数秒で両親が激昂するかと思ったが、意外にも数十秒後には両親の後ろに隠れるようにいた姉のテスが姿を現した。ブルーが7歳の少女と目線を合わせるために腰を下ろし、むしろ彼女が見下ろせるぐらいの高さで話している。両親といるときはブルーのすぐそばにいたルイスは、今は両親の気をブルーから反らすように彼らに声をかけている。ブルーはもちろん、テスもそれで自由に話せるようになった。いいコンビであることはアリスも認める。
アリスは腕組みをしながら、捜索本部となった仮設テントの下で、周辺の地図をもう一度見た。警官隊と地元ボランティアは捜索範囲を広げながら山を歩いている。そろそろメディアもやってきているが、それよりも一般市民が流すフェイクも含んだニュースの方が盛り上がっている。

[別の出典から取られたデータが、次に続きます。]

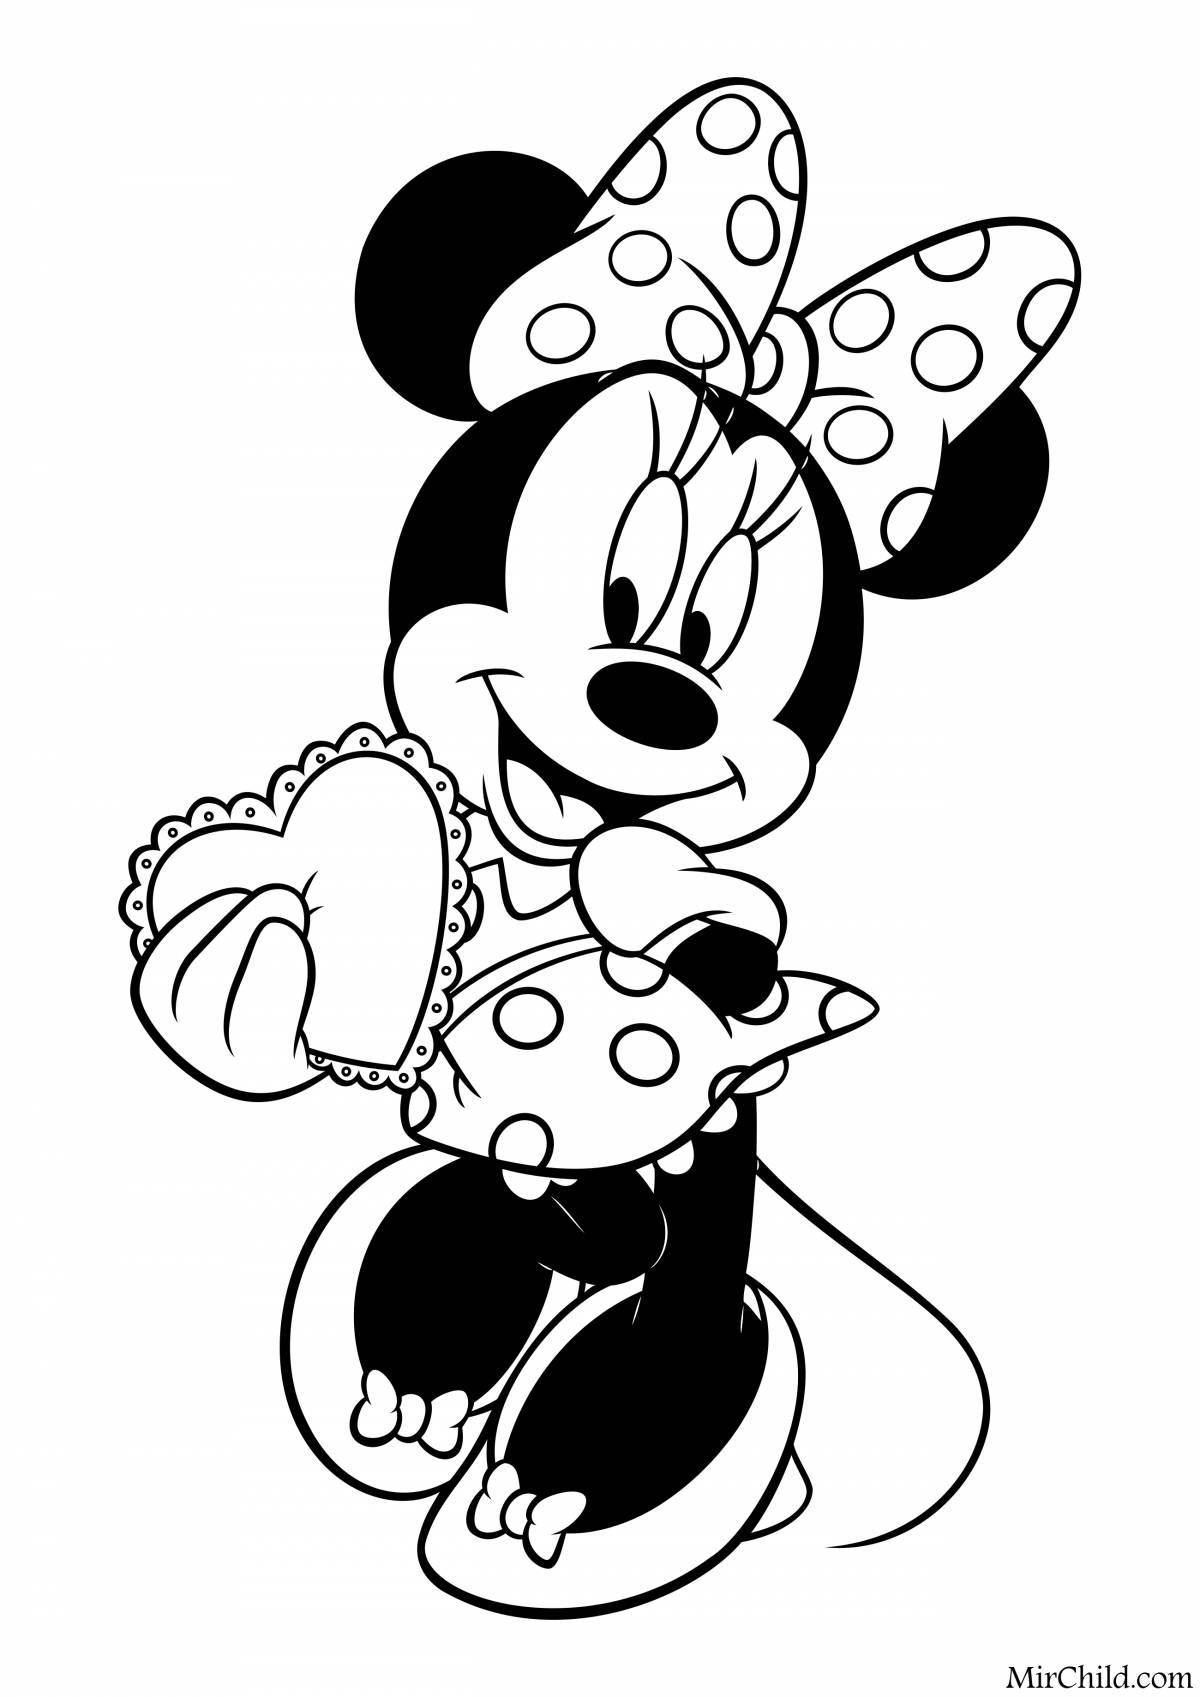 Playful mickey mouse coloring page

「ボス、トーマスが見つかったときのために、クッキーと温かいココアを用意しておきました」
楽しそうにミキが保温ポットを見せながら言い、アリスは彼女を見た。
「それはいいね、トーマスも喜ぶだろう」
「でしょ?」
ミキはそう言って褒められたと喜んだ。
ブルーがテスに礼を言って別れ、キャンプ地の方に歩き始めた。姉弟が木の実拾いをしていたというエリアだ。
「ブルー、速攻で見つけてよね。ココアが冷めちゃう」
ミキが言い、ブルーが振り返って中指を立てた。
ルイスがすかさずブルーの手を払い落とし、アリスはため息をついた。
何度言っても成長しないんだから。